Collected material START

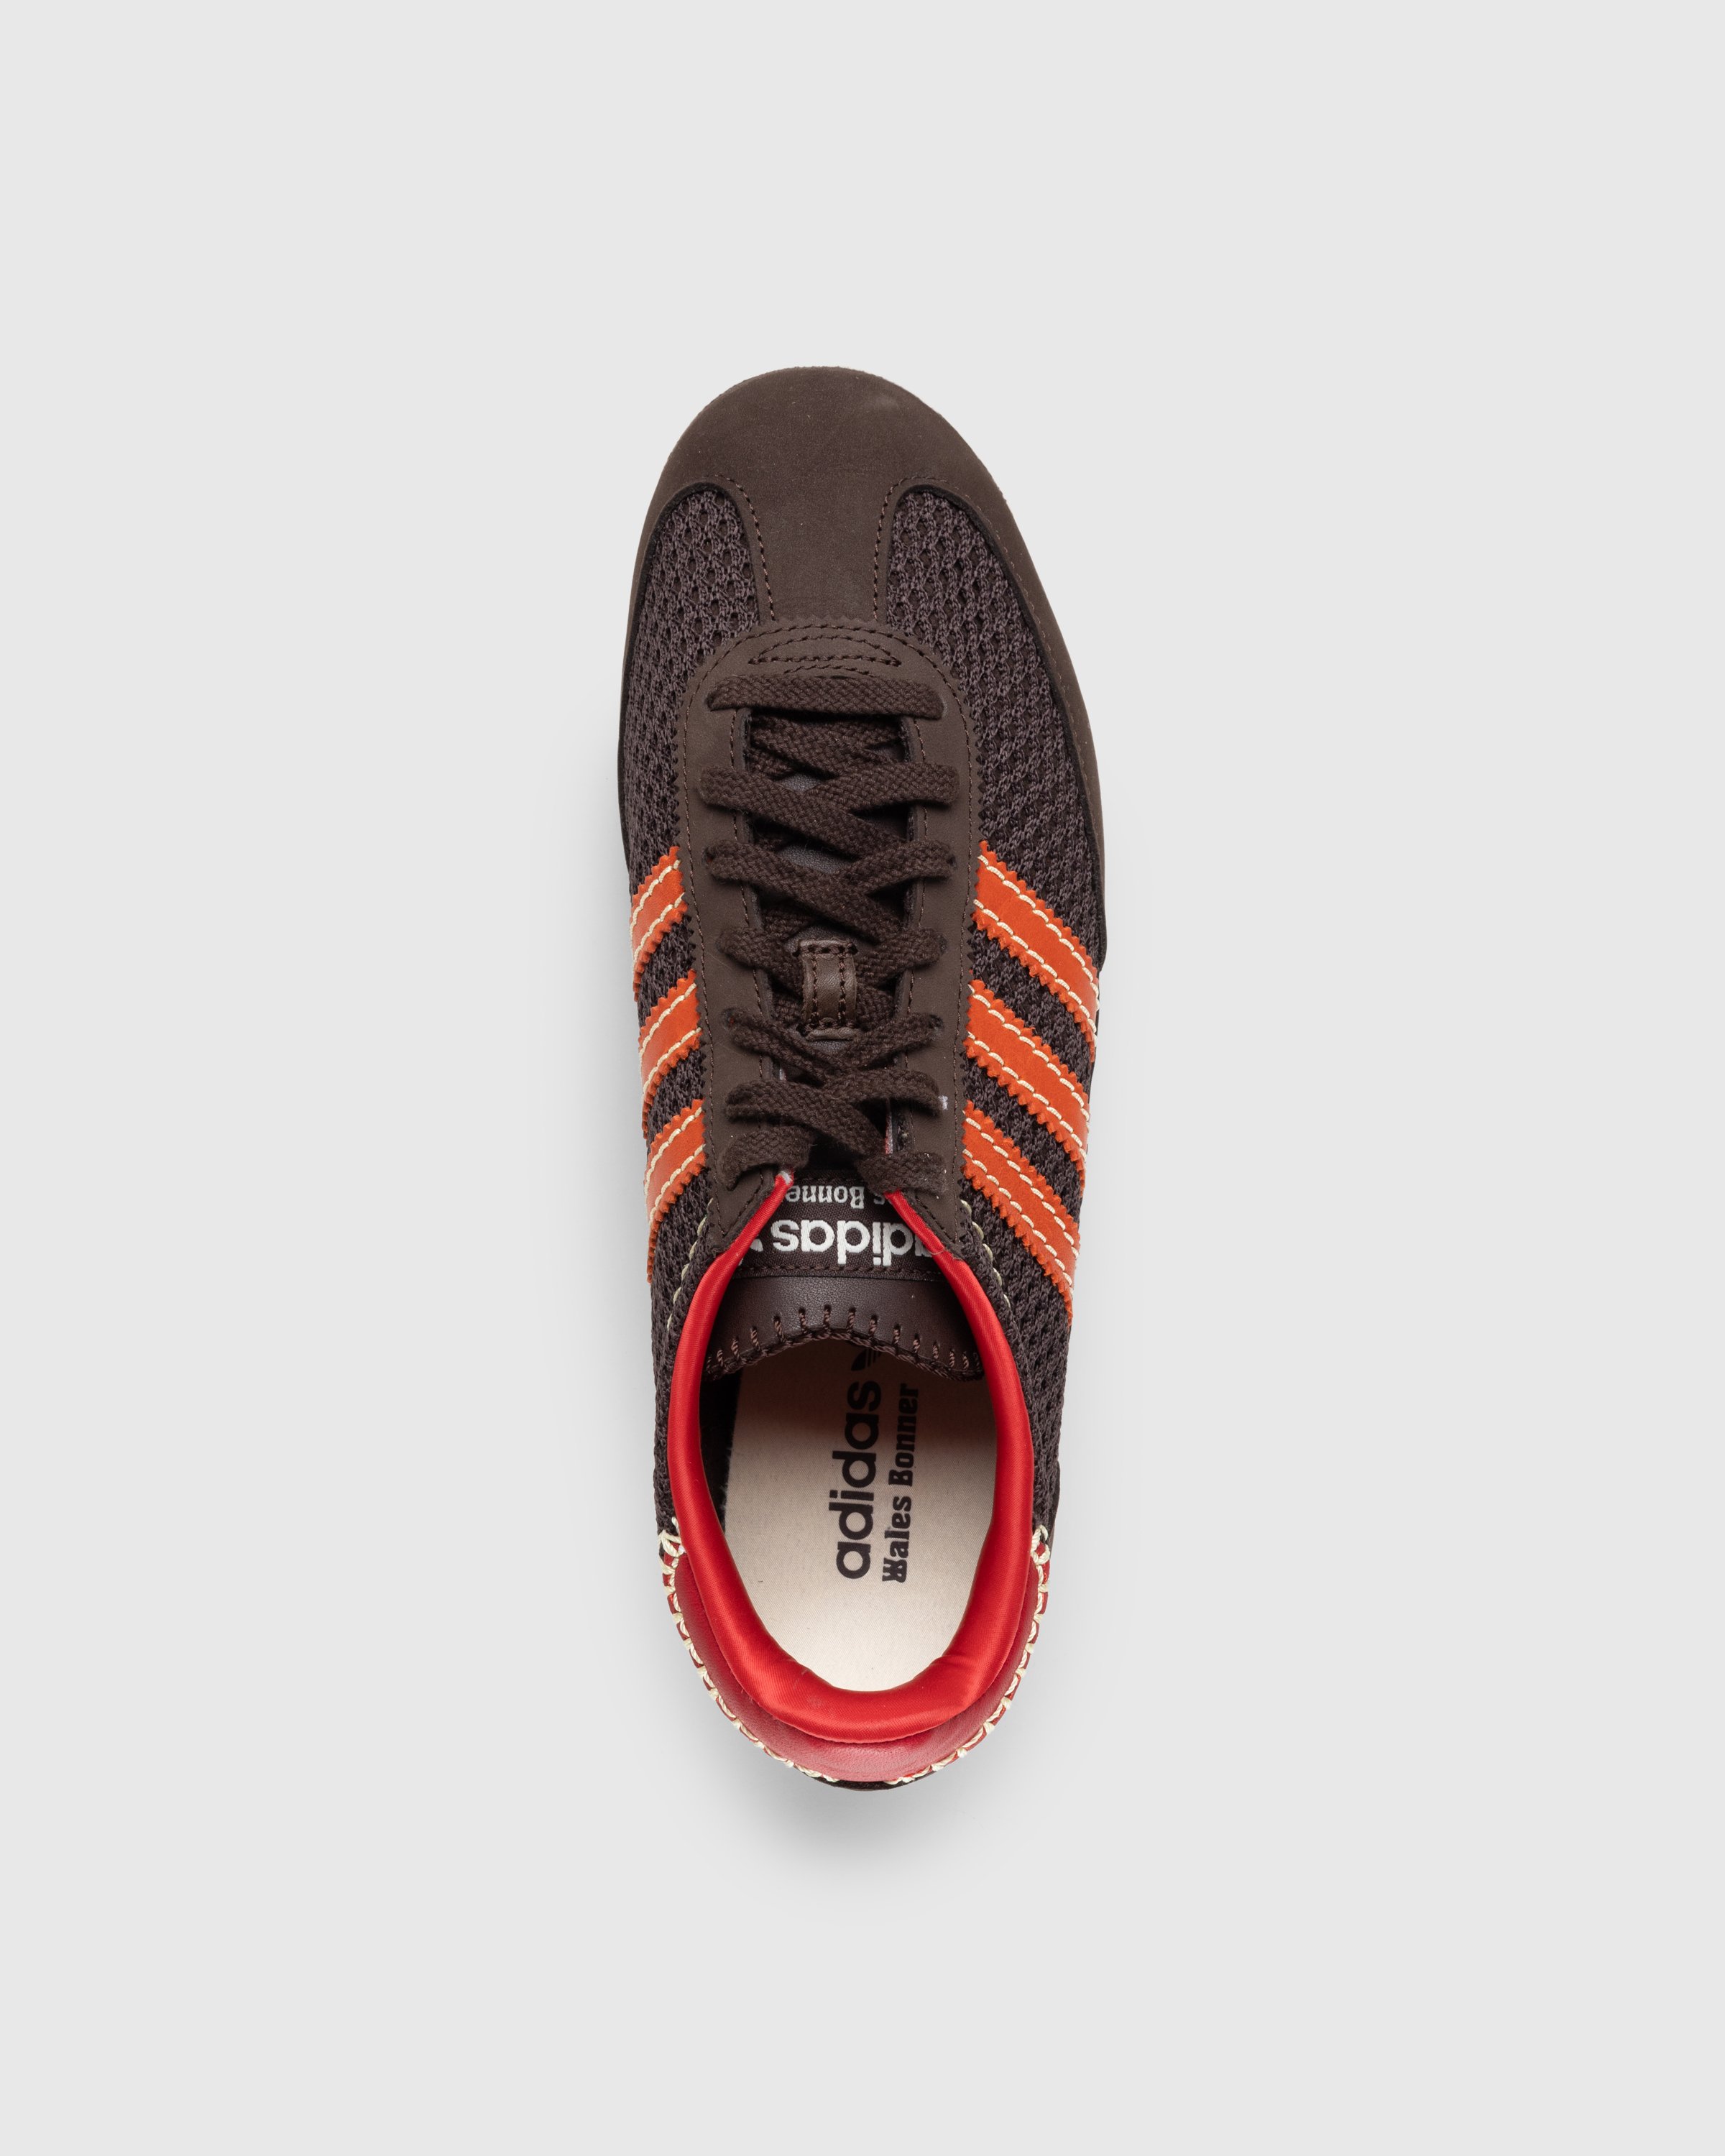 Adidas x Wales Bonner - SL72 Knit Dark Brown - Footwear - Brown - Image 5
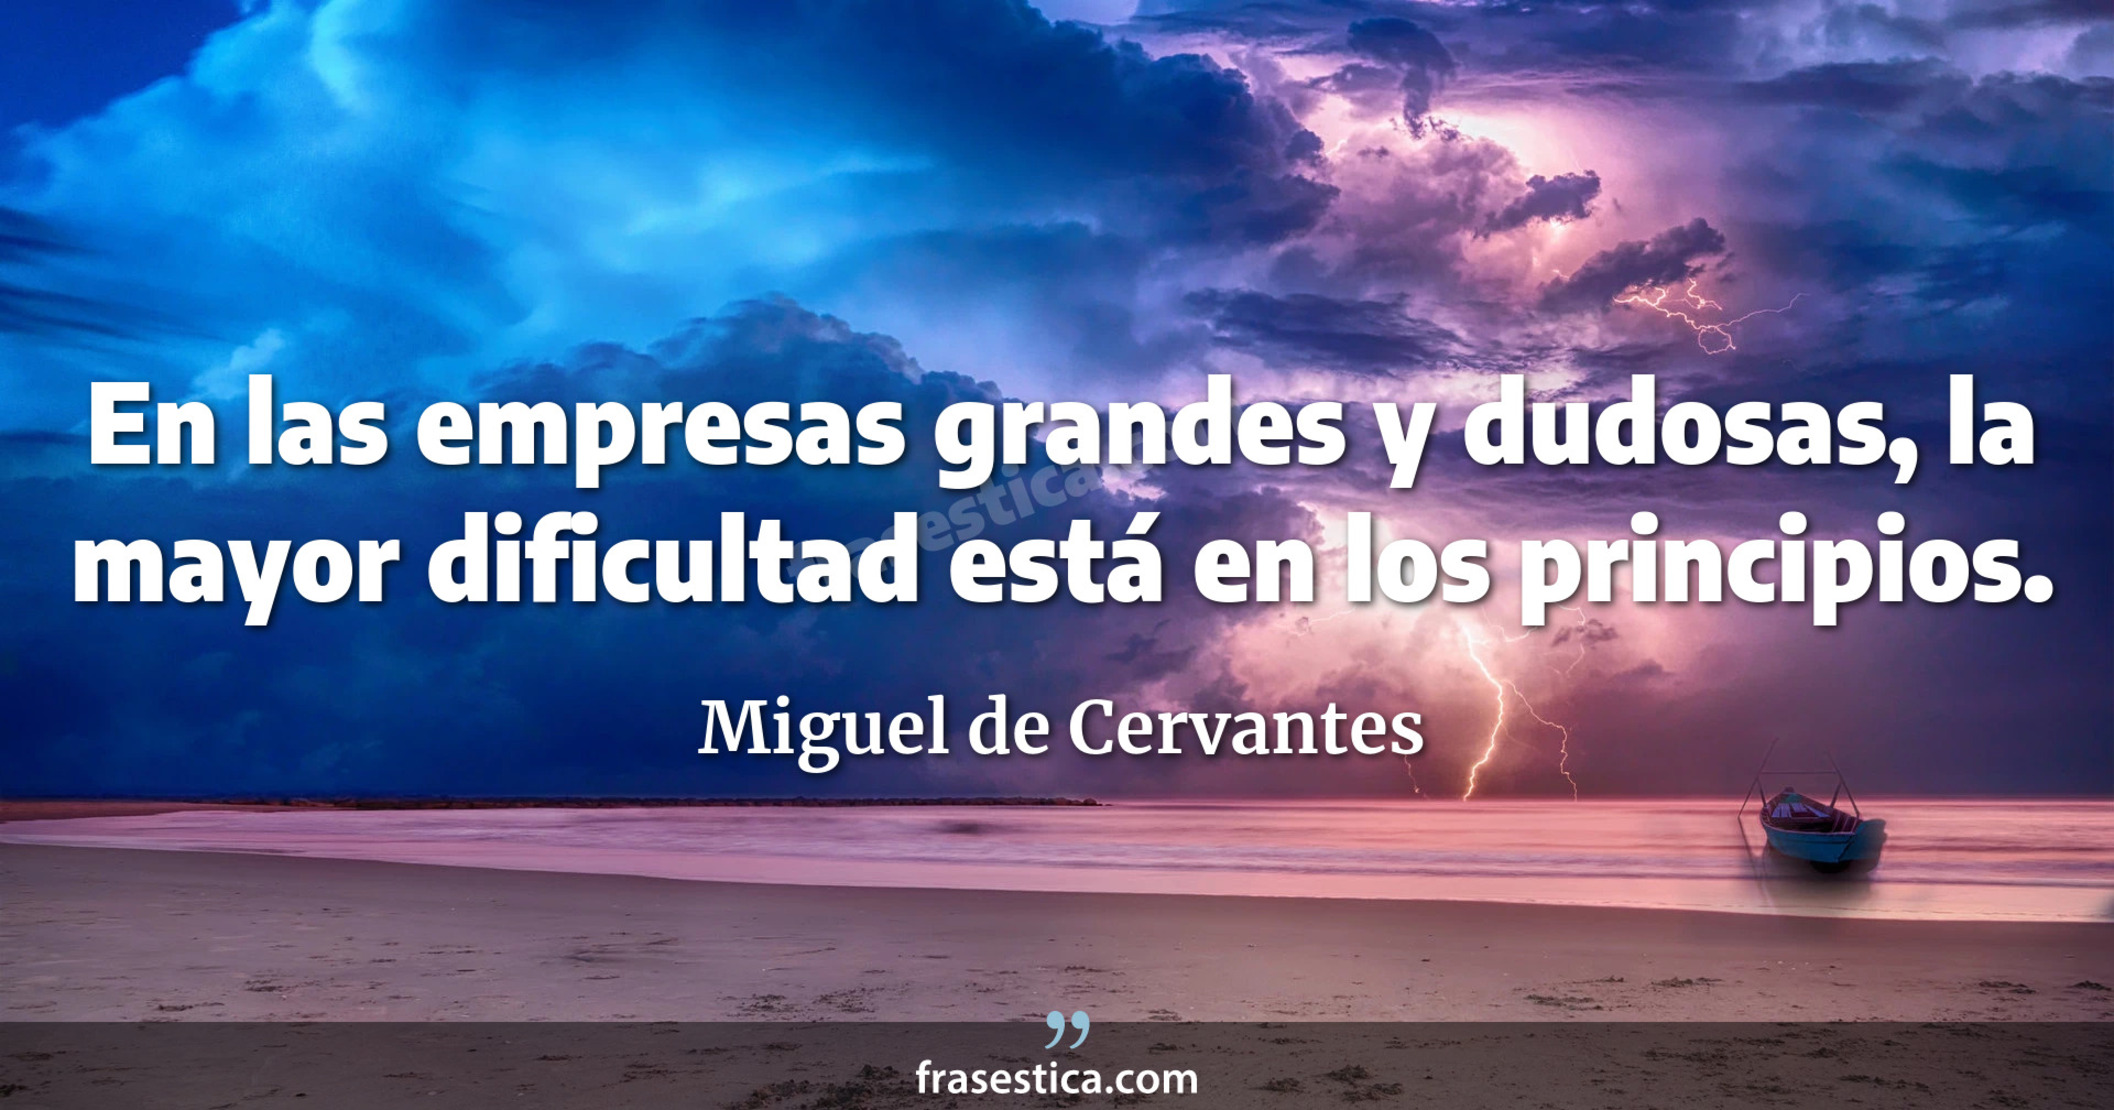 En las empresas grandes y dudosas, la mayor dificultad está en los principios. - Miguel de Cervantes
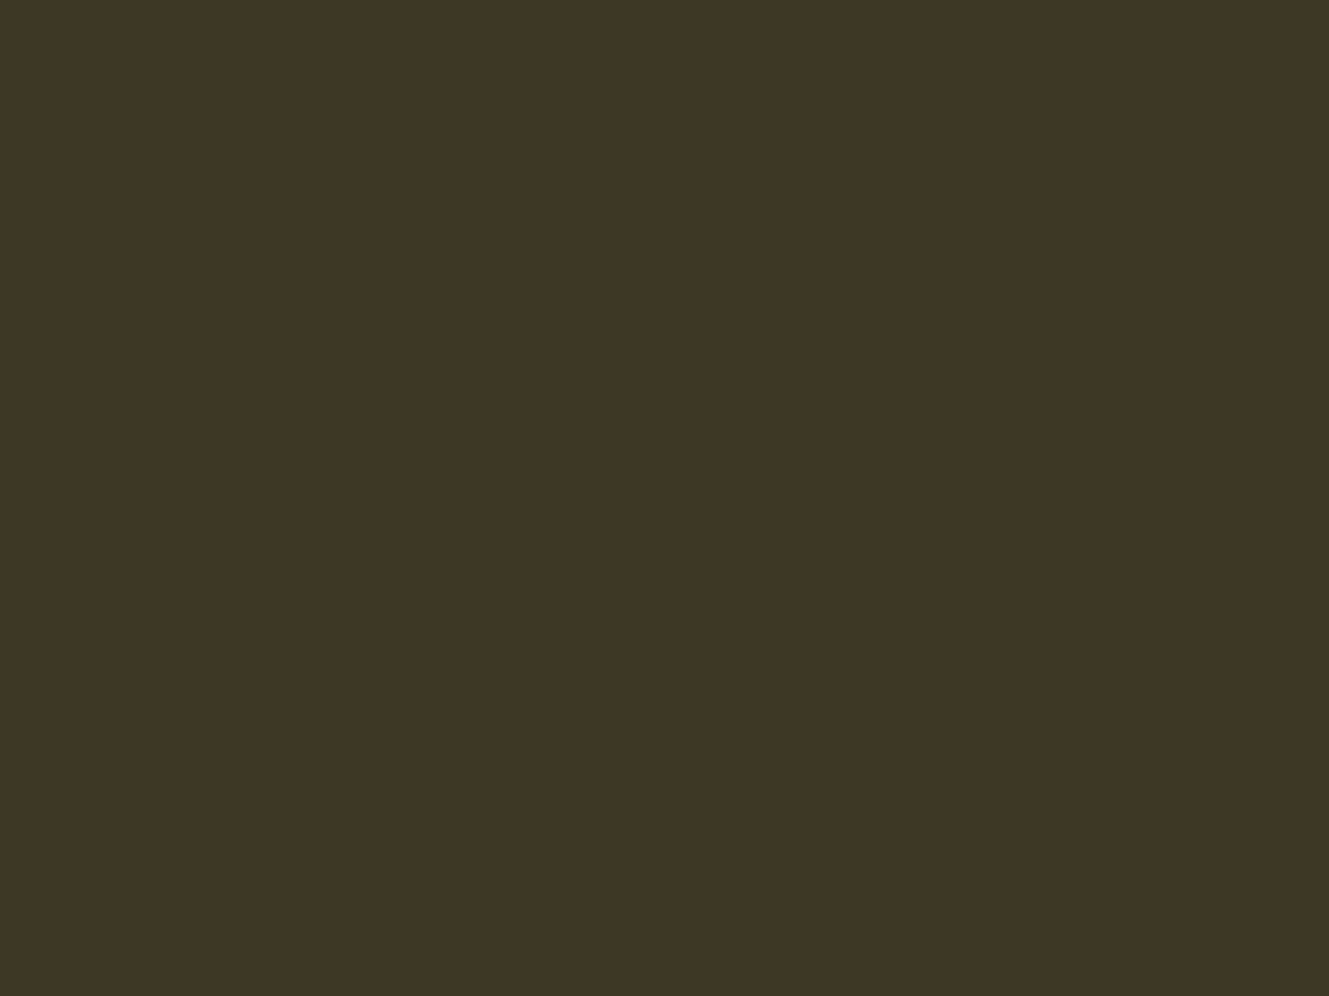 Григорий Мясоедов. Чтение Положения 19 февраля 1861 года (фрагмент). 1873. Государственная Третьяковская галерея, Москва

Collected material END

When you copy the lines above, drop the pictures and keep everything else exact.

__Answer box__:
 Adidas x Wales Bonner - SL72 Knit Dark Brown - Footwear - Brown - Image 5
 En las empresas grandes y dudosas, la mayor dificultad está en los principios. - Miguel de Cervantes
 Григорий Мясоедов. Чтение Положения 19 февраля 1861 года (фрагмент). 1873. Государственная Третьяковская галерея, Москва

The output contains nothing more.